Board looks good in that area. nothing burnt and no swollen caps. Sorry I failed to mention that the set has turned on once in a while if someone fools with it long enough.
Checked IC 451 carefully on reverse side of PC board. There is no sign of overheating and the solder connections appear to be clean and shiny. I can re-flow the joints and will do so but I'm not convinced this is going to solve my problem. I don't want to put it back together after having found nothing definite.
comment?
Did the re-flow on the 7 connections. Diode D522 is the only thing I found on the entire board that appears to have been HOT. I also did a re-solder on that after checking the diode to determine it was OK..
I'm not convinced that the fix presented to me is applicable to this particular TV since there was no sign of overheating at all in this area. while I appreciate the input I would like another opinion please.
Did all that before contacting Fix-Ya. I researched the problem on the internet too. I've been unable to tie this down with standard troubleshooting techniques. If it sometimes works that eliminates a lot of things but we've been through the easy stuff. I'm looking for what is in the circuit that would stop the set from turning on. Please read what's been done before making additional suggestions - note it's out of the set and on my bench at present so counting the light flashes etc. is not applicable.
Jeeze that sounded harsh - Sorry - It's been a looong day.

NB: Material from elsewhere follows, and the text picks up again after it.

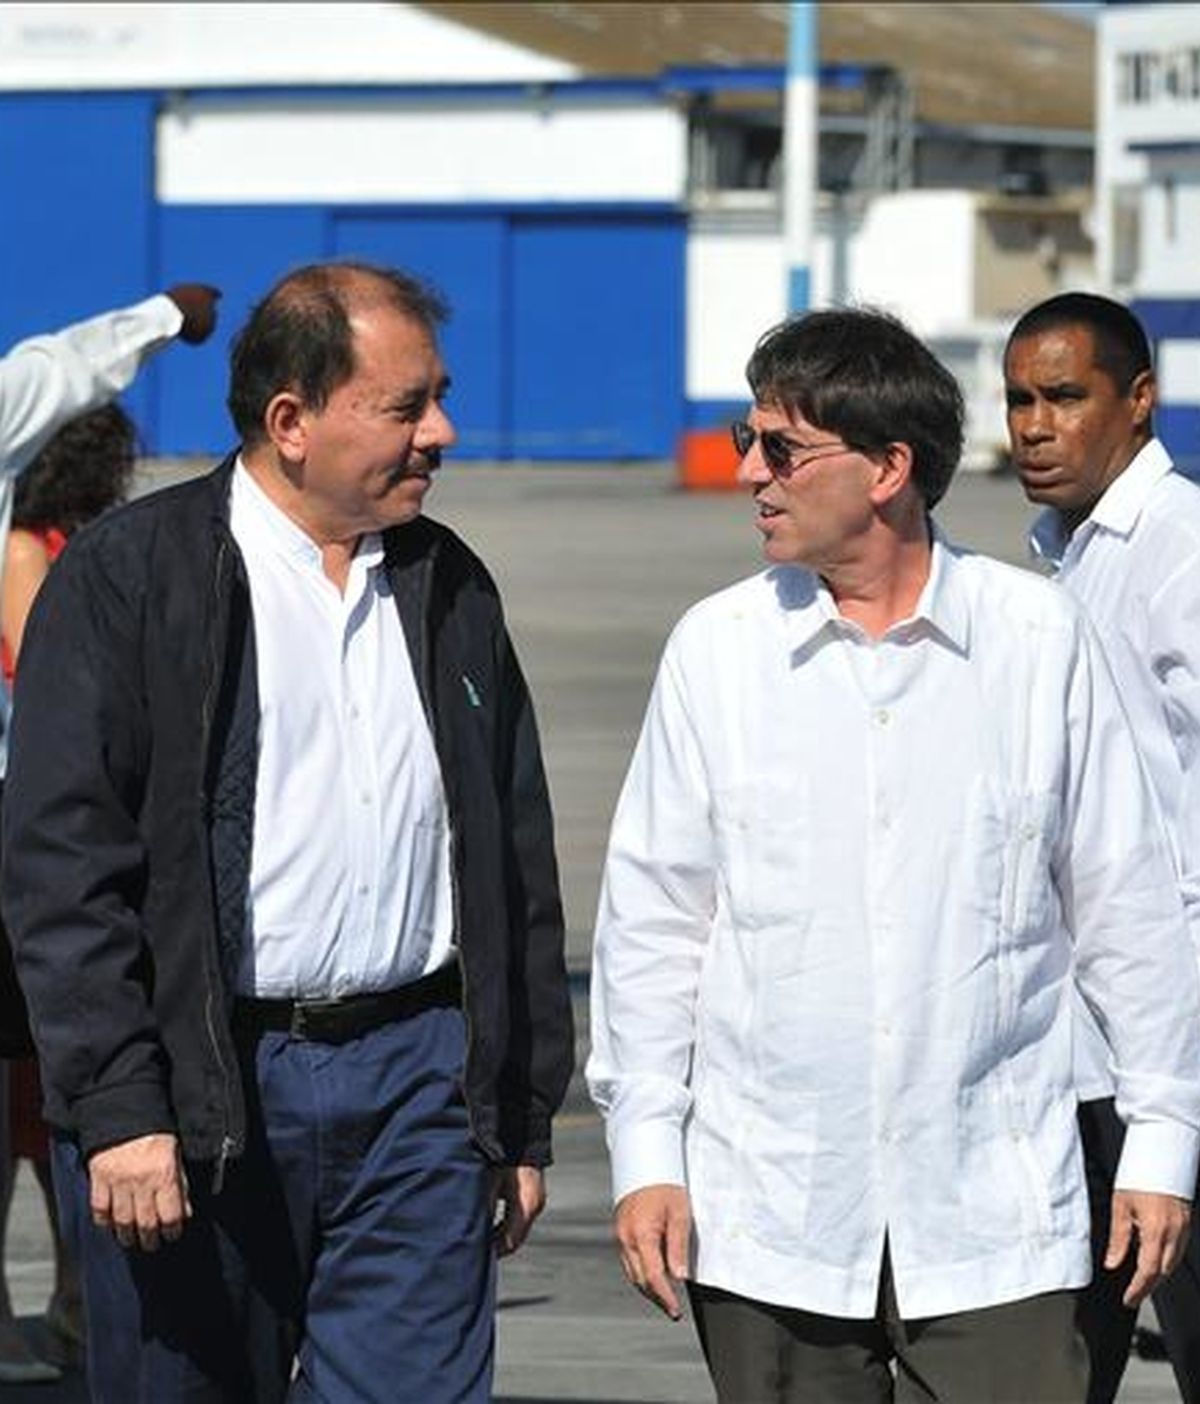 El presidente de Nicaragua, Daniel Ortega (i), fue recibido por el canciller cubano, Bruno Rodríguez, en La Habana (Cuba). Ortega realiza una visita oficial a la isla en la que se reunirá con su homólogo Raúl Castro. EFE

Sounds like a totally different chassis.
This one has 2 boards. The one on the left has all the RF - the one on the right has all the power supplies. Is there any way I could send you .jpg's of the boards?
Can't seem to find out how to post pictures in reference to my post.
No big metal box on the left hand side. Just two boards side by side. The power supply board is on the right. I have ordered a new capacitor tester and will attempt to find a bad Cap. in - first the power board and next the signal board. I 've found no instructions on how to post pics on the site.